I run the tests again to make sure I didn’t break anything:

python test.py
.....
----------------------------------------------------------------------
Ran 5 tests in 0.819s
​
OK

And some more refactoring to clean code

Looking at the functions get_stock_data_from_file and get_stock_data_from_api I see that they have more than one responsibility (which is something that one usually wants to avoid, because it leads to complex code that is hard to follow, test and debug). Both functions:

  • connect to the data source, read the data and deal with errors (different code)
  • parse the data, find the requested info and return it to the caller (repeated code)

I will refactor the functions to extract the common code in a new function get_stock_info_from_data:

MANDATORY_STOCK_FIELDS = ['symbol', 'regularMarketPrice', 'regularMarketChangePercent', 'regularMarketTime']
​
def get_stock_info_from_data(data, symbol, keys=None):
  effective_keys = list(set(MANDATORY_STOCK_FIELDS + ([] if keys == None else list(keys))))
  try:
    data_in = json.loads(data)
    if data_in['quoteResponse']['error']:
      print("ERROR: in response: {}".format(data_in['quoteResponse']['error']))
      return {}
    data_out = {}
    for key in effective_keys:
      data_out[key] = data_in['quoteResponse']['result'][0][key]
  except IndexError as e:
    print("ERROR: getting data for {}: no data".format(symbol))
  except KeyError as e:
    print("ERROR: getting data for {}: {}".format(symbol, repr(e)))
  except Exception as e:
    print("ERROR: parsing resonse: {}".format(repr(e)))
  else:
    return data_out
  return {}

I will also extract the source specific code to separate functions read_from_stock_file and read_from_yahoo_finance_api:

def read_from_stock_file(symbol):
  filename = '{}_local.json'.format(symbol)
  try:
    with open(filename, 'r') as f:
      return f.read()
  except Exception as e:
    print("error reading file: {}".format(repr(e)))
    return None
def read_from_yahoo_finance_api(symbol):
  # prepare url and some headers to keep the api happy
  url = "https://query1.finance.yahoo.com/v7/finance/quote?symbols={}".format(symbol)
  headers = { 'User-Agent' : 'Mozilla/5.0 (X11; Ubuntu; Linux i686; rv:108.0) Gecko/20100101 Firefox/108.0' }
  try:
    response = requests.get(url, headers=headers)
    if response.status_code != 200:
      print("ERROR: could not get stock {} data from API: {} - {}".format(symbol, response.status_code, response.reason))
  except requests.exceptions.RequestException as e:
    print("ERROR: could not get response for stock {} from API: {}".format(symbol, repr(e)))
  else:
    return response.text
  return ""

Then I will rearrange the initial functions to call the new ones:

def get_stock_data_from_file(symbol, keys=None):
  data = read_from_stock_file(symbol)
  return get_stock_info_from_data(data, symbol, keys)
​
def get_stock_data_from_api(symbol, keys=None):
  data = read_from_yahoo_finance_api(symbol)
  return get_stock_info_from_data(data, symbol, keys)
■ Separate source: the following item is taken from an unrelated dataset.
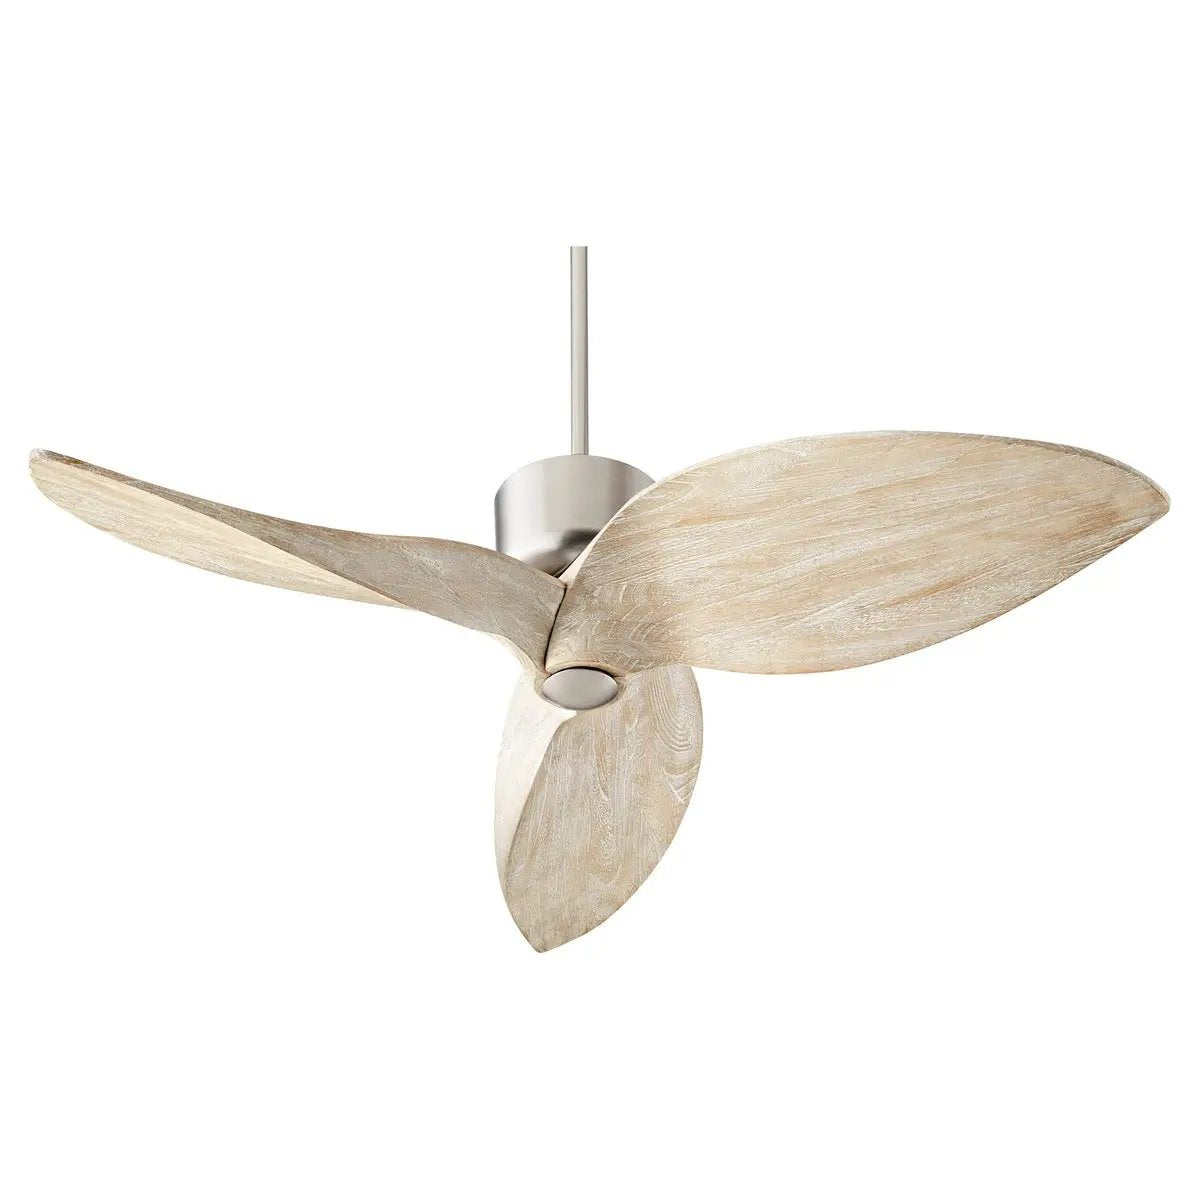 Contemporary Ceiling Fan with Distressed Finish and Weathered Oak Blades, perfect for boho-chic, eclectic, or modern farmhouse spaces. 52" blade sweep at a 45-degree pitch. DC-125NS-30 motor. UL Listed. Limited Lifetime Warranty.

Nice symmetry! This tempts me to extract the data reading responsibility to a separate Stock Data Provider set of functions, and then inject the desired provider function as a parameter to a single get_stock_data function. That would come handy if I decide to add more stock data providers in the future.

But, I will stop here for now. I may do so later 🙂

Run the tests again and commit the code:

python test.py
.....
----------------------------------------------------------------------
Ran 5 tests in 0.469s
​
OK

Back to writing the new tests

To setup the tests for the cache, I will have to create an environment for each test, with proper cache files. I prepare two such cache files MSFT_sample_cache_hit.json and MSFT_sample_cache_miss.json, with slightly different stock price timestamps. One of them will be copied to the proper SYMBOL_cached.json filename format just before running the corresponding test. I add the relevant fixed data in the test parameters:

params = {
  ...
  'data_cache_hit_filename' : 'MSFT_sample_cache_hit.json',
  'data_cache_miss_filename' : 'MSFT_sample_cache_miss.json',
  'data_cache_hit' : {
      'symbol' : 'MSFT',
      'regularMarketPrice' : 255.00,
      'regularMarketChangePercent' : 0.1217166,
      'regularMarketTime' : 1670014800
  }
  ...
}

Let’s write the first test test_cache_exists_current, assuming that the caching mechanism works. I will also add code to cleanup cache files.

Note: The cache filename is determined at runtime based on the symbol provided. Before removing the cache file, I will validate the symbol name to make sure that it contains only valid characters so that the filename does not turn out to something unexpected. It’s always a good idea to sanitize variables that may contain user input and take part in critical operations.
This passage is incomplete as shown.